┌──
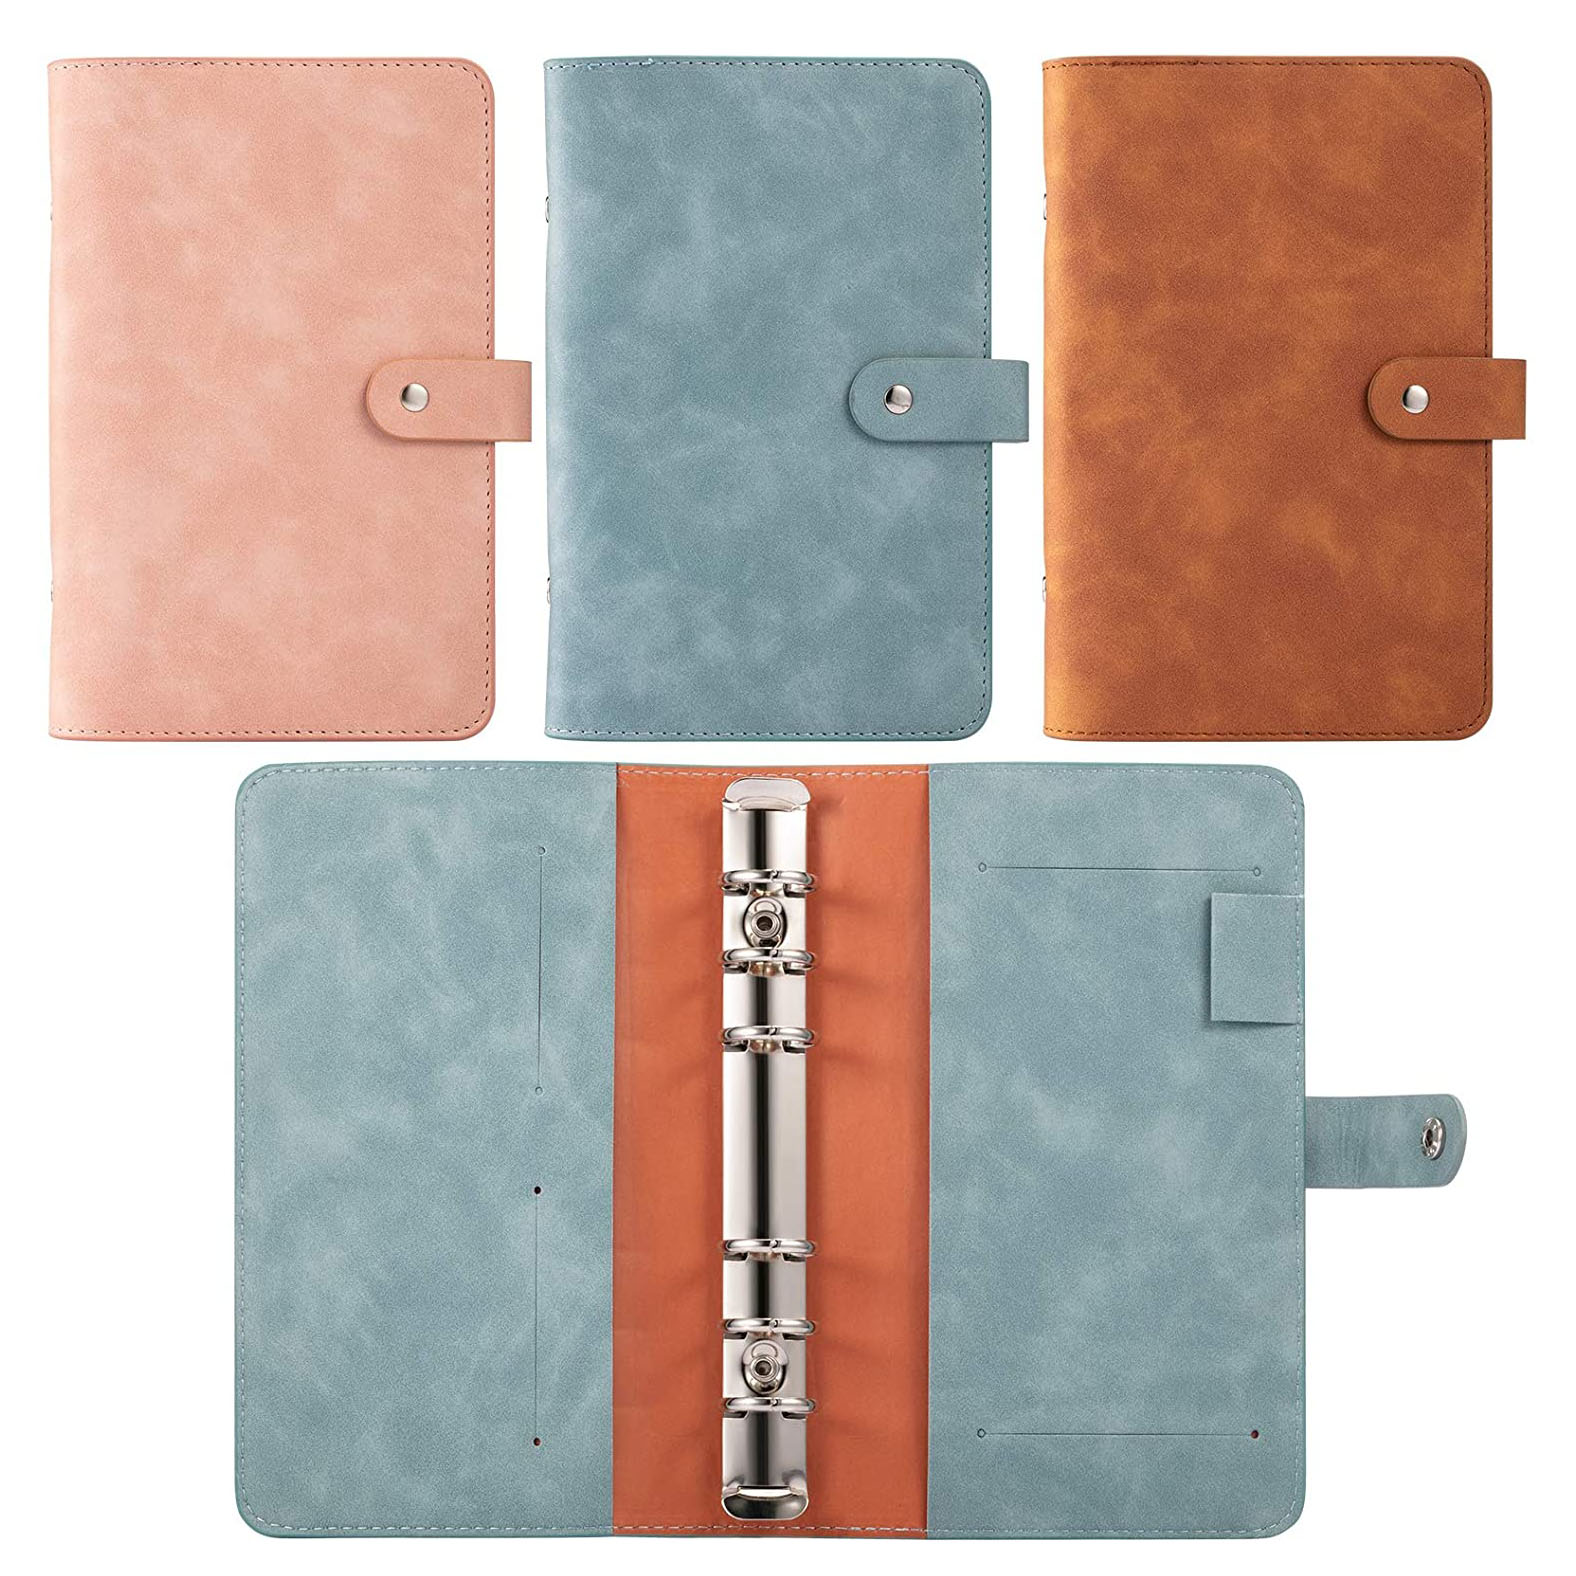 A6 PU Leather Binder Cover,Refillable 6 Ring Notebook for A6 Filler Paper Personal Planning BinderMagnetic Buckle Closure
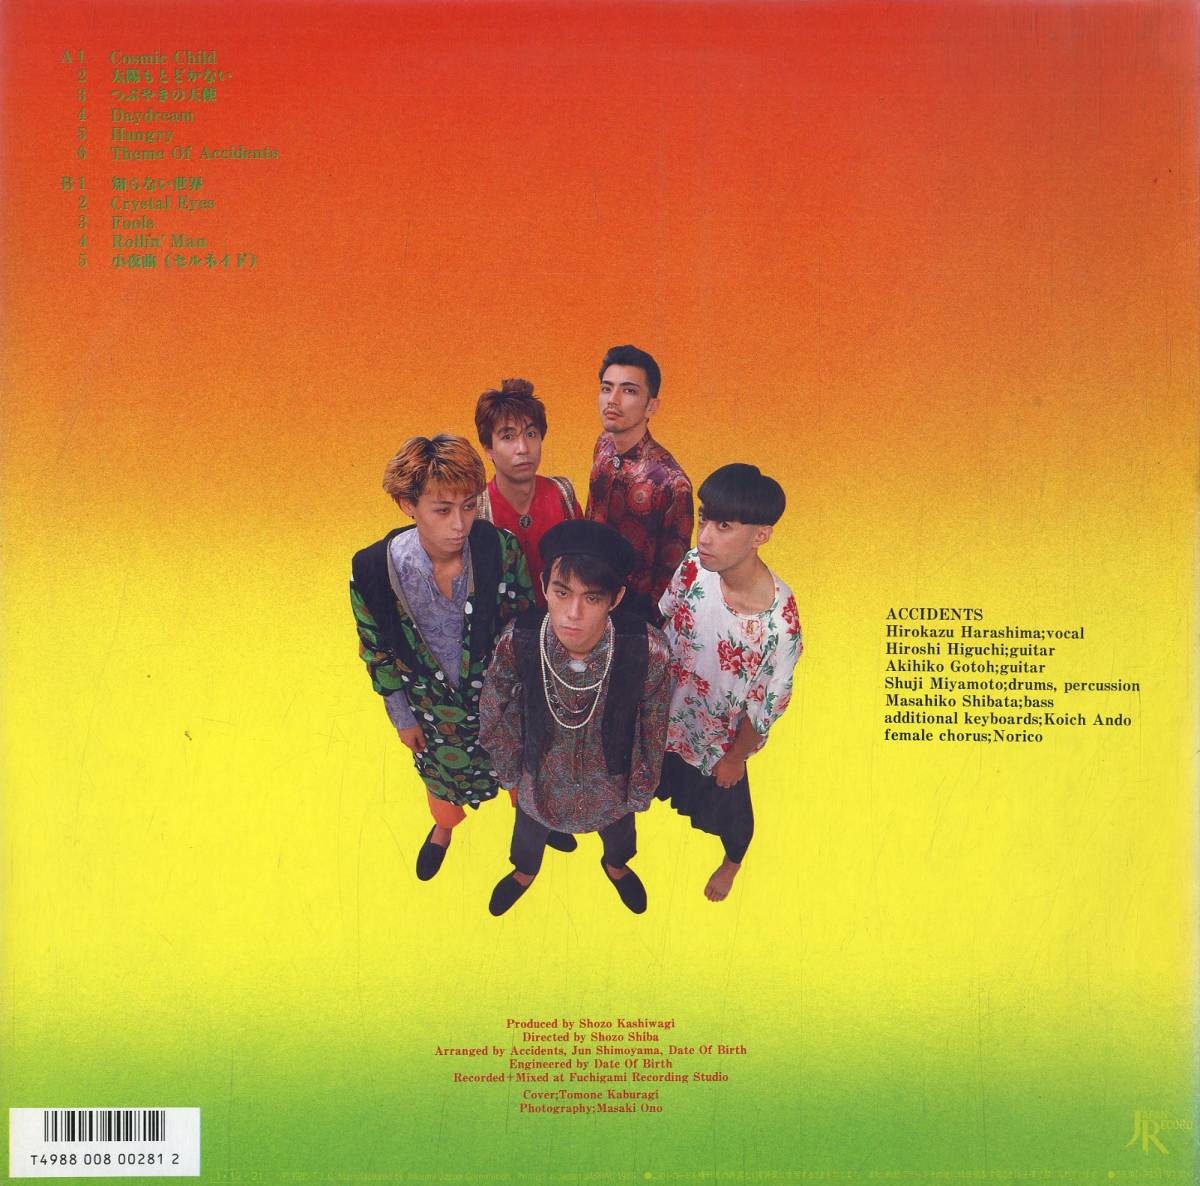 A00516124/LP/THE ACCIDENTS(ジ・アクシデンツ)「知らない世界(1985年・28JAL-3034・下山淳・DATE OF BIRTH編曲参加・インディーロック)_画像2
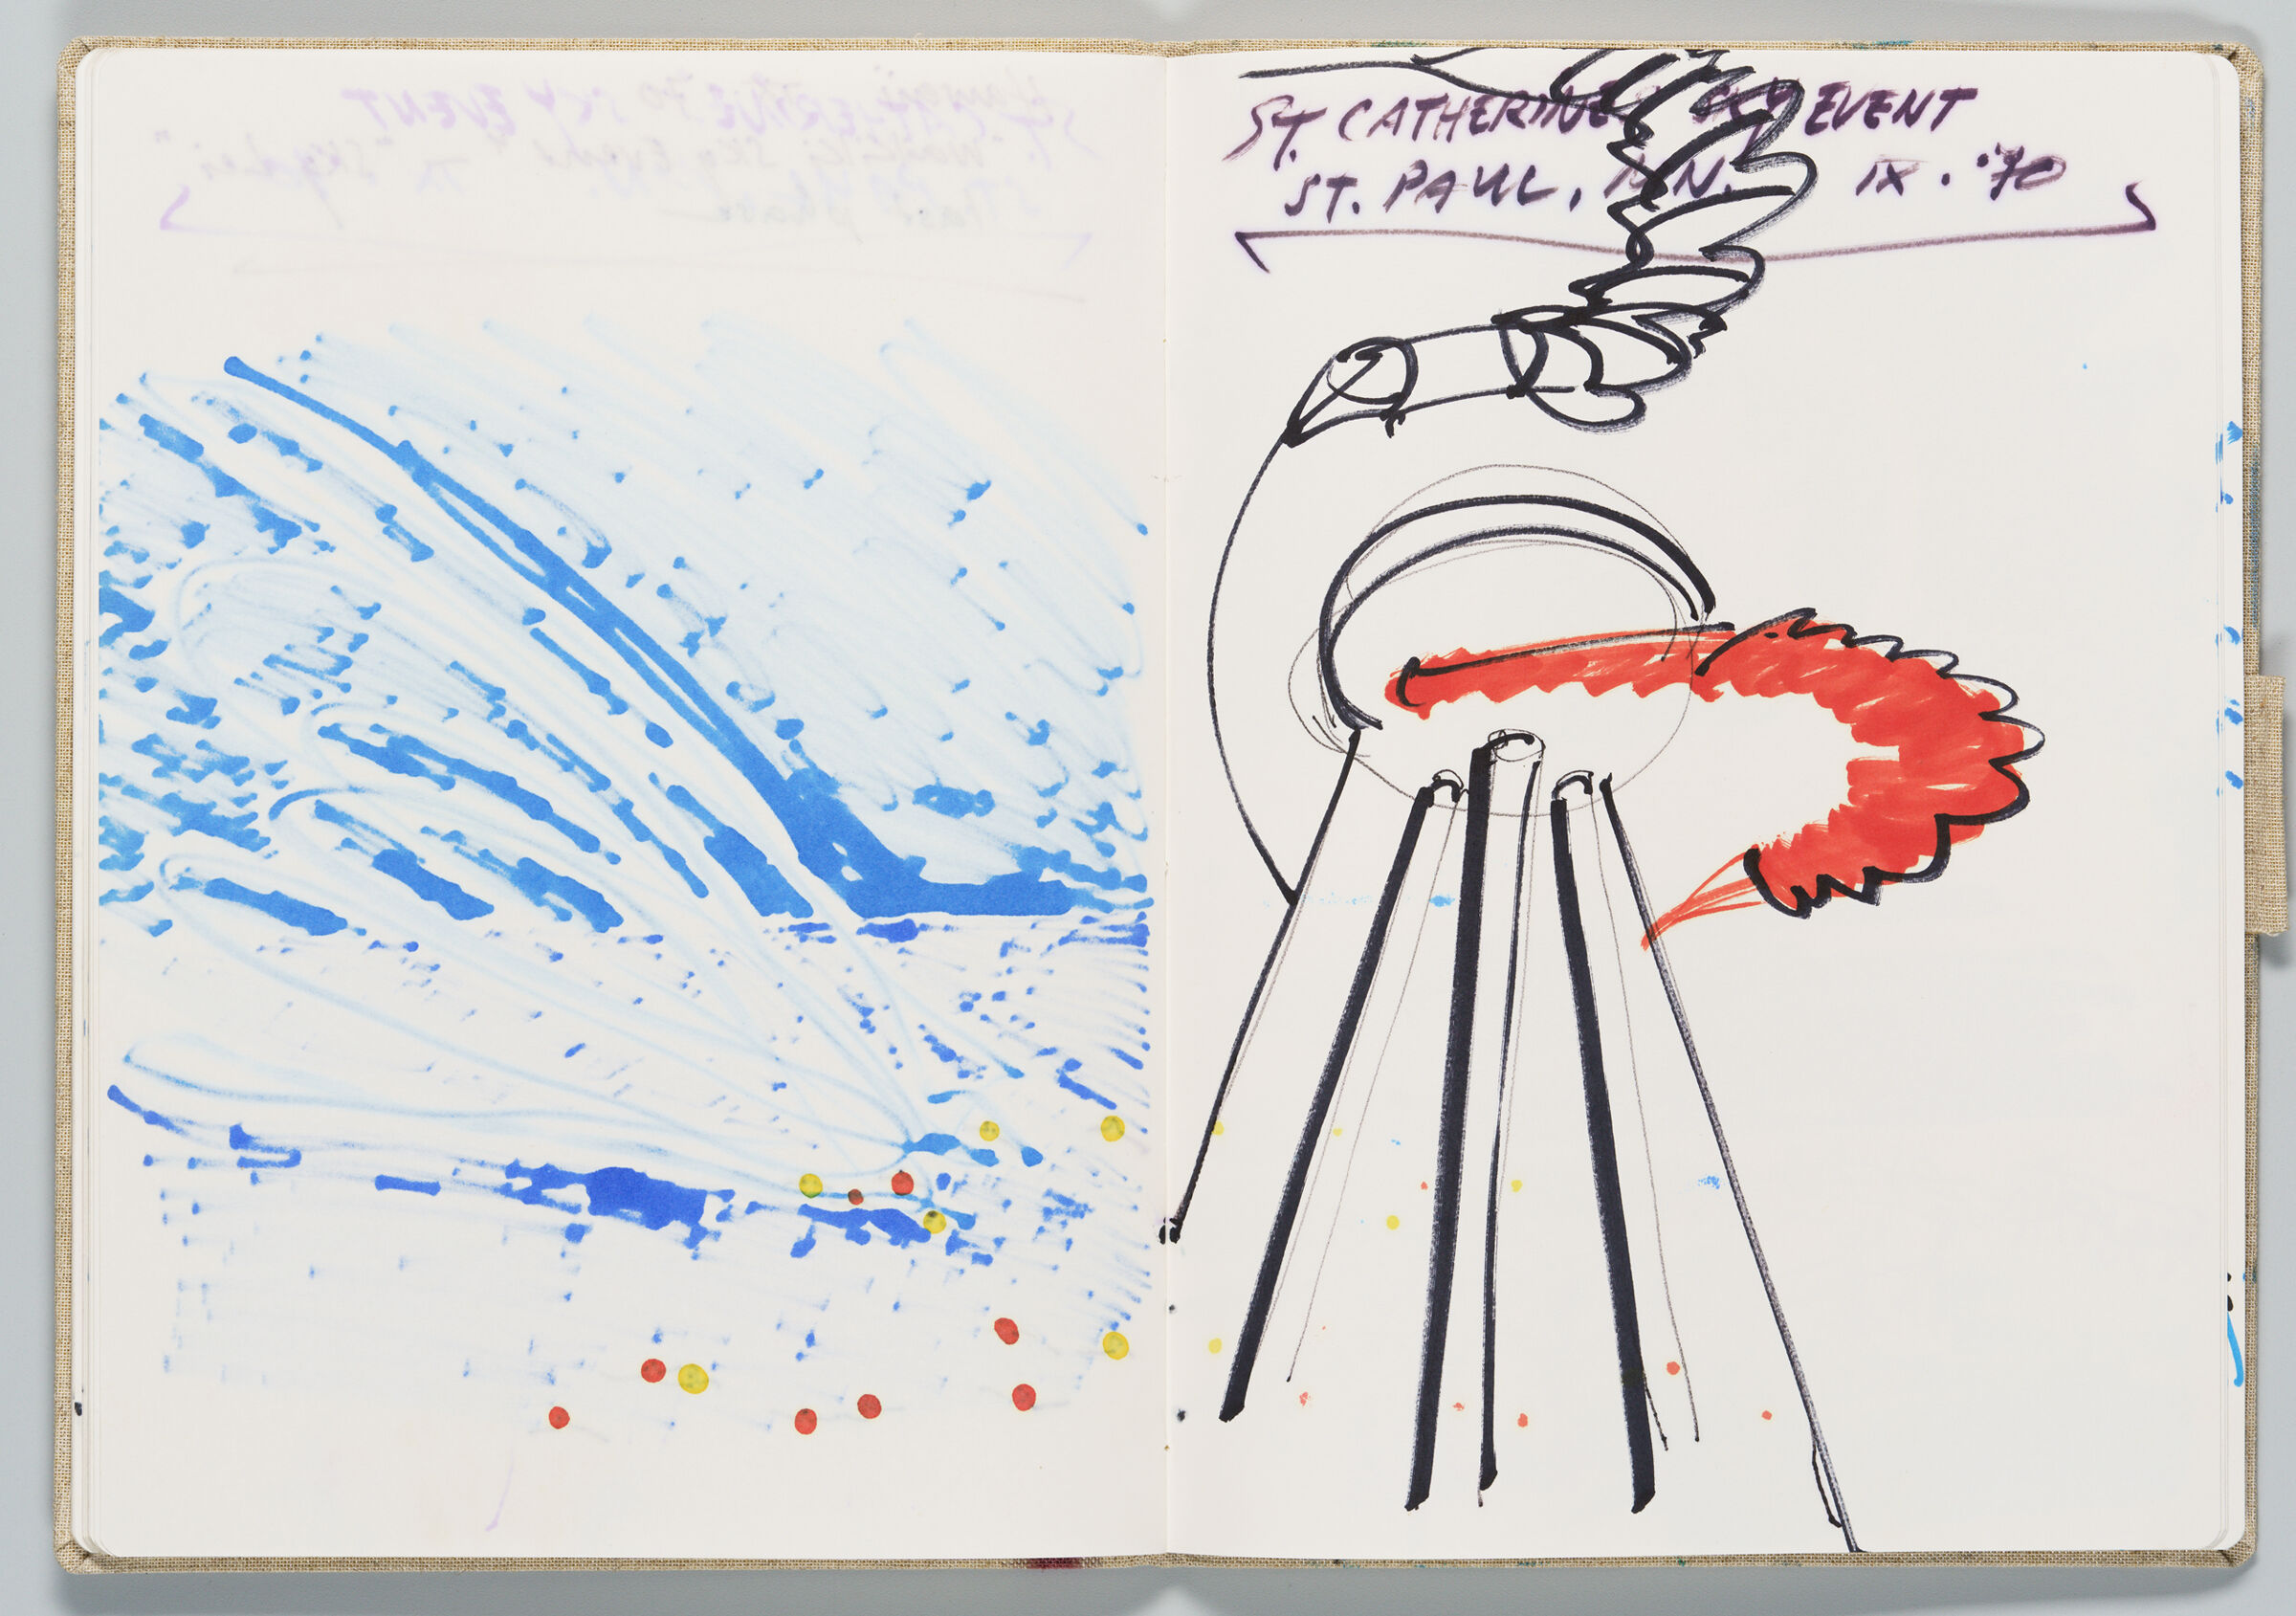 Untitled (Bleed-Through Of Previous Page With Color Transfer, Left Page); Untitled (Sketch Of Past Sky Event With Color Transfer, Right Page)
└──
• ASSIGNMENT:
Transcribe all of the material exactly and leave out its pictures.

• ANSWER TO THIS EXERCISE:
 A6 PU Leather Binder Cover,Refillable 6 Ring Notebook for A6 Filler Paper Personal Planning BinderMagnetic Buckle Closure
 A00516124/LP/THE ACCIDENTS(ジ・アクシデンツ)「知らない世界(1985年・28JAL-3034・下山淳・DATE OF BIRTH編曲参加・インディーロック)_画像2
 Untitled (Bleed-Through Of Previous Page With Color Transfer, Left Page); Untitled (Sketch Of Past Sky Event With Color Transfer, Right Page)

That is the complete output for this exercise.